This middle‐aged woman shows progressive changes in her general health status that are characterized by edema and dyspnea on effort. The differential diagnosis of edema includes a broad spectrum of illnesses, such as cardiac, lung, renal, endocrine, and hepatic diseases. Because of the life‐threatening potential, my first concern is cardiac disease, although the patient is not experiencing typical symptoms of ischemic heart disease or congestive failure. Bilateral and distal distribution of neuropathic symptoms is likely due to diseases of peripheral nerves rather than those of the central nervous system. Her complaint of a bilateral tingling sensation in the hands may suggest carpal tunnel syndrome as a result of her long‐term agricultural work. Other possible causes include radiculopathy of the cervical spine or polyneuropathy.

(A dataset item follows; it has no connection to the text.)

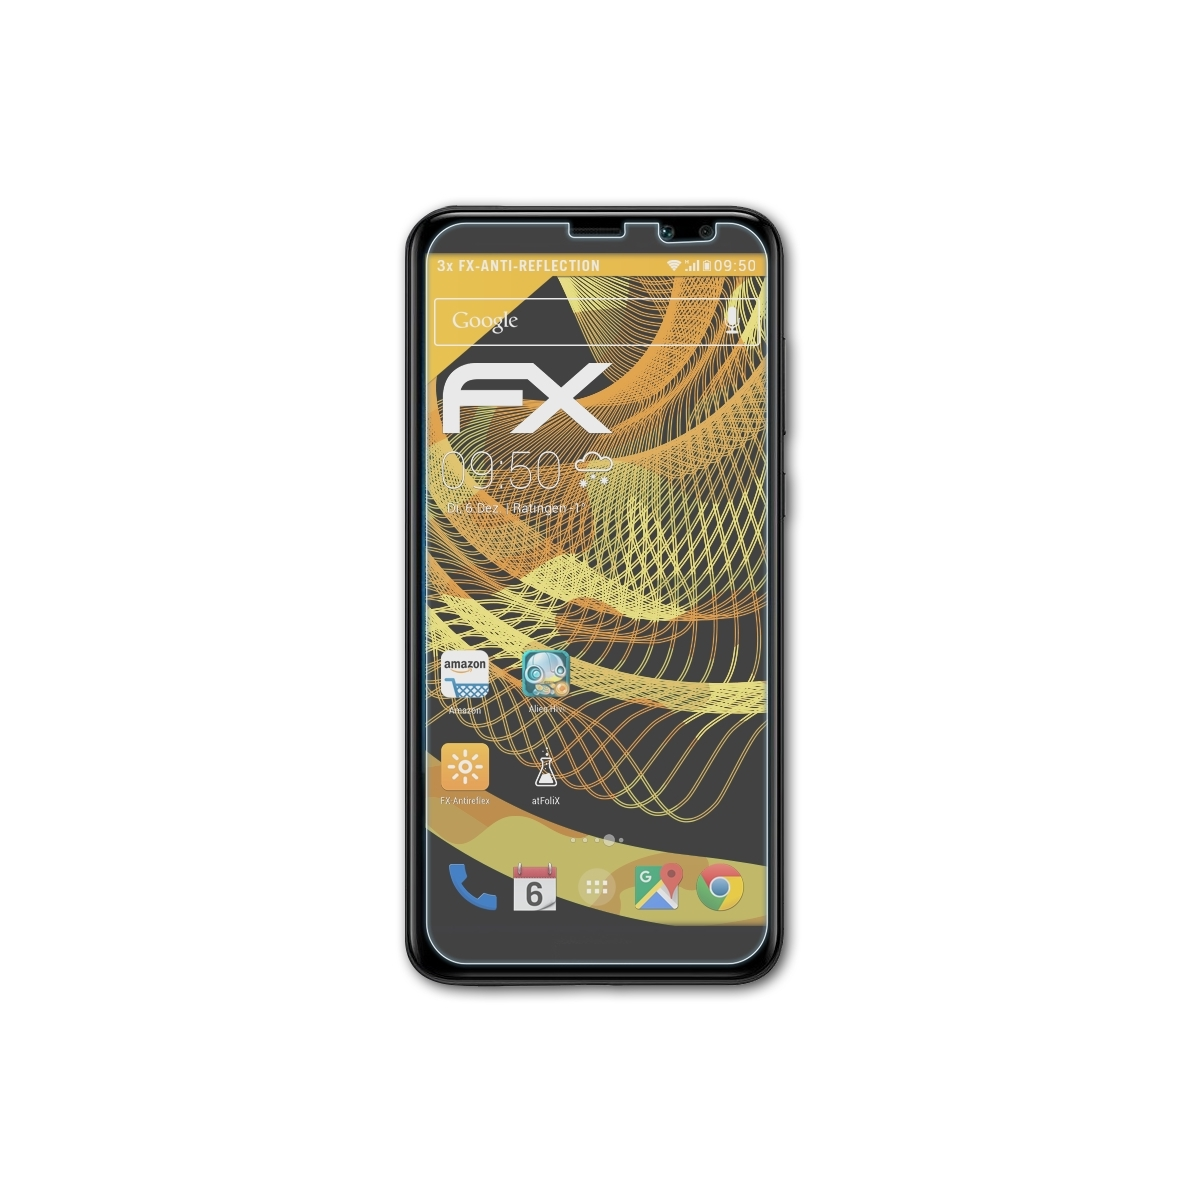 ATFOLIX FX-Antireflex Displayschutz(für 2i) 3x Huawei Nova

Clues in the physical examination may help narrow the differential diagnosis to a cardiac, hepatic, or endocrine disorder.

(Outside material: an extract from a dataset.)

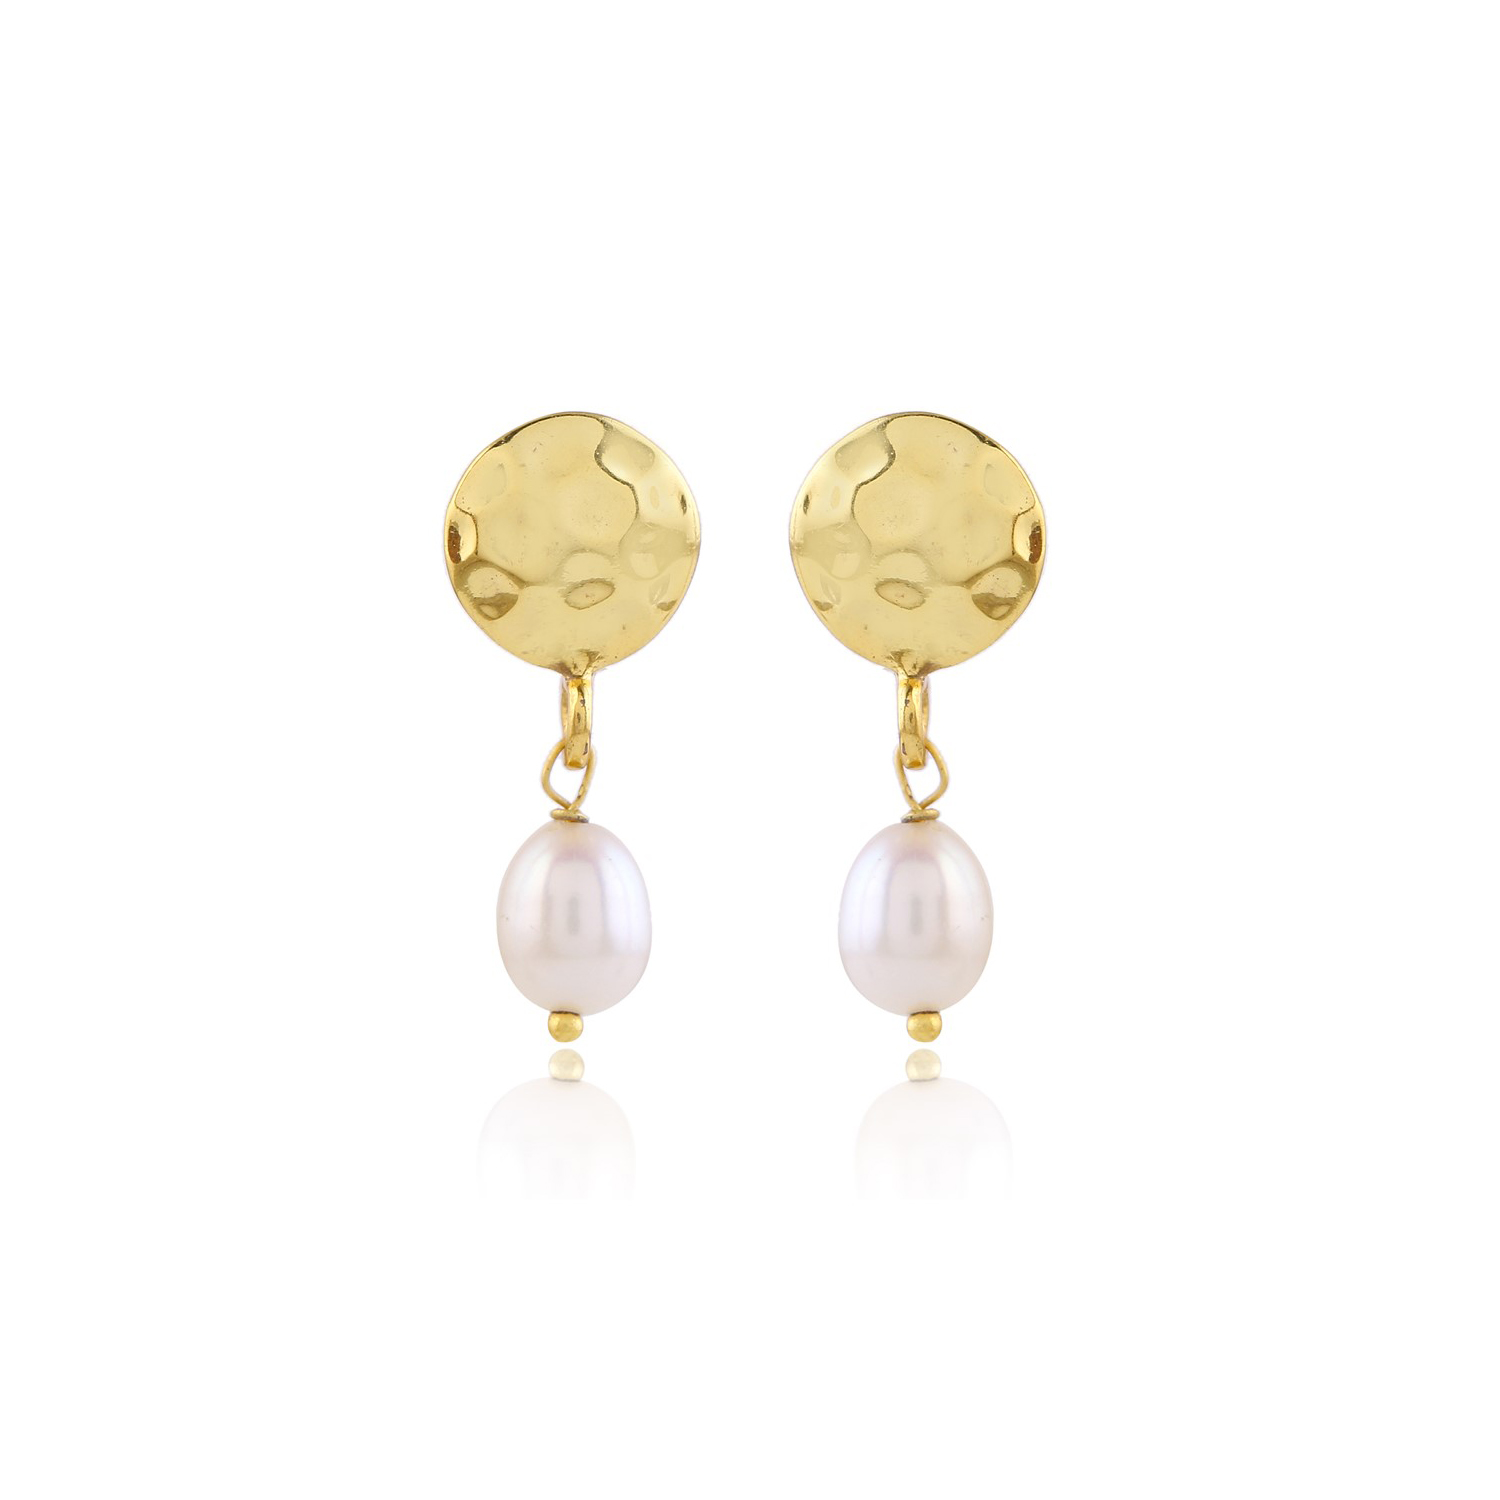 Pearl earrings / white pearl earring

The patient appeared ill. Her weight had increased from 48 to 61 kg since she was last weighed 6 months previously. Her blood pressure was 140/78 mm Hg, her heart rate was 72 beats/minute with a regular rhythm, her respiratory rate was 18/minute, and her temperature was 37.5C. The jugular venous pressure was elevated at 10 cm above the sternal angle. A grade III/VI systolic ejection murmur was evident at the second interspace along the left sternal border. The second heart sound was fixed and split. There were decreased breath sounds and complete dullness to percussion over both lower lung fields. Shifting dullness was noted on abdominal examination. There was pitting edema from the feet to the thighs, with slow pit‐recovery time in both legs, and she exhibited generalized hirsutism on the face, body, and extremities. There was no lymphadenopathy. On neurological examination, her mental status was normal. The cranial nerves were normal, as was coordination. There was mild generalized distal‐dominant motor weakness with generalized hyporeflexia. Sensory testing demonstrated glove‐and‐stocking type loss of sensation to pinpricks as well as dysesthesia in all extremities. Phalen and Tinel tests were negative.

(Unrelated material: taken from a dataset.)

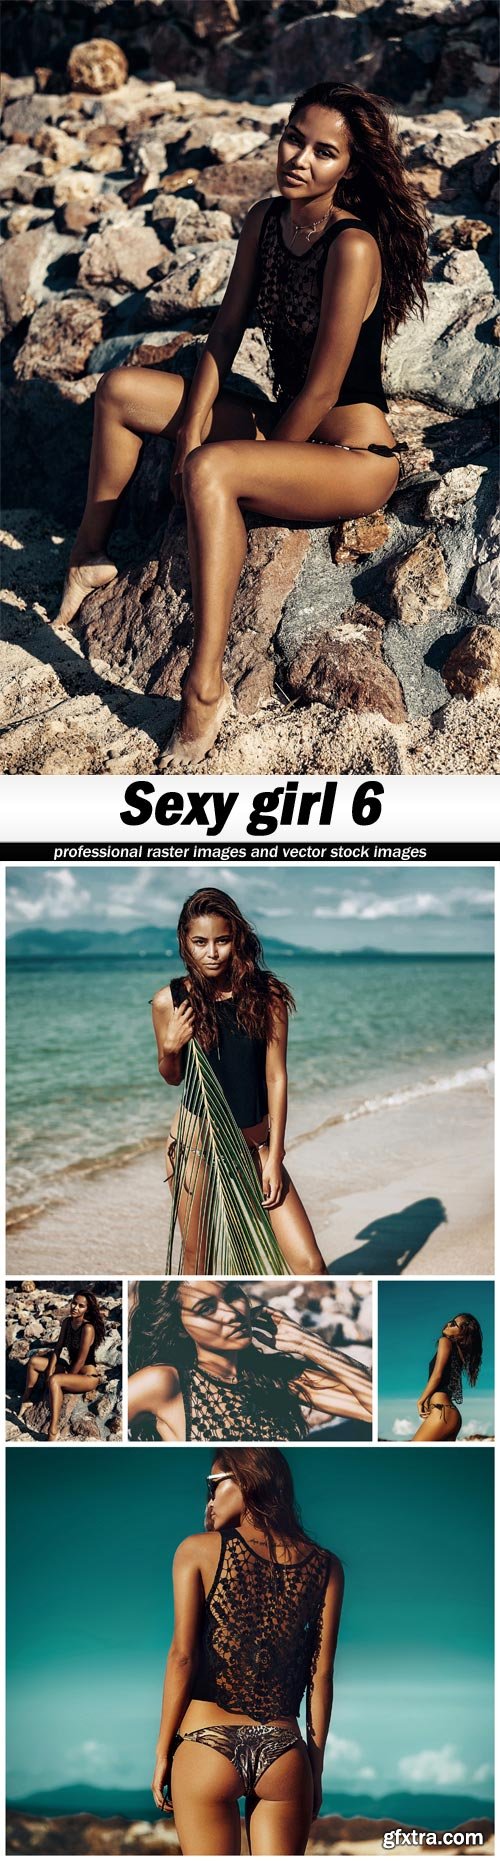 Sexy girl 6 - 5 UHQ JPEG

The elevated venous pressure and pitting edema with slow recovery suggest high venous pressure edema rather than hypoproteinemic edema. Complete bilateral dullness of the chest and shifting dullness of the abdomen indicate the presence of bilateral pleural effusion and ascites. Edema from high venous pressure is usually caused by right, left, or biventricular cardiac failure. A fixed splitting of the second heart sound suggests an atrial septal defect, which is a rare cause of progressive right heart failure in adults. I recommend checking the patient's thyroid function to investigate the possibility of hypothyroidism, which is a common illness among middle‐aged women and could contribute to her edema as well as hirsutism. The neurological findings suggest a generalized polyneuropathy. The unusual combination of high venous pressure edema and polyneuropathy may indicate a rare multisystem disorder such as amyloidosis. Alternatively, the patient might have developed multiple diseases during the same time period. For instance, diabetic polyneuropathy is the most common cause of polyneuropathy among the middle‐aged. Finally, the differential diagnosis of hirsutism includes ovarian, adrenal, or pituitary sources of hyperandrogenism in addition to hypothyroidism. I would first evaluate for diabetes, thyroid disease, and cardiac disease and would like to see the results of laboratory tests for thyrotropin and plasma glucose as well as chest radiography and electrocardiography.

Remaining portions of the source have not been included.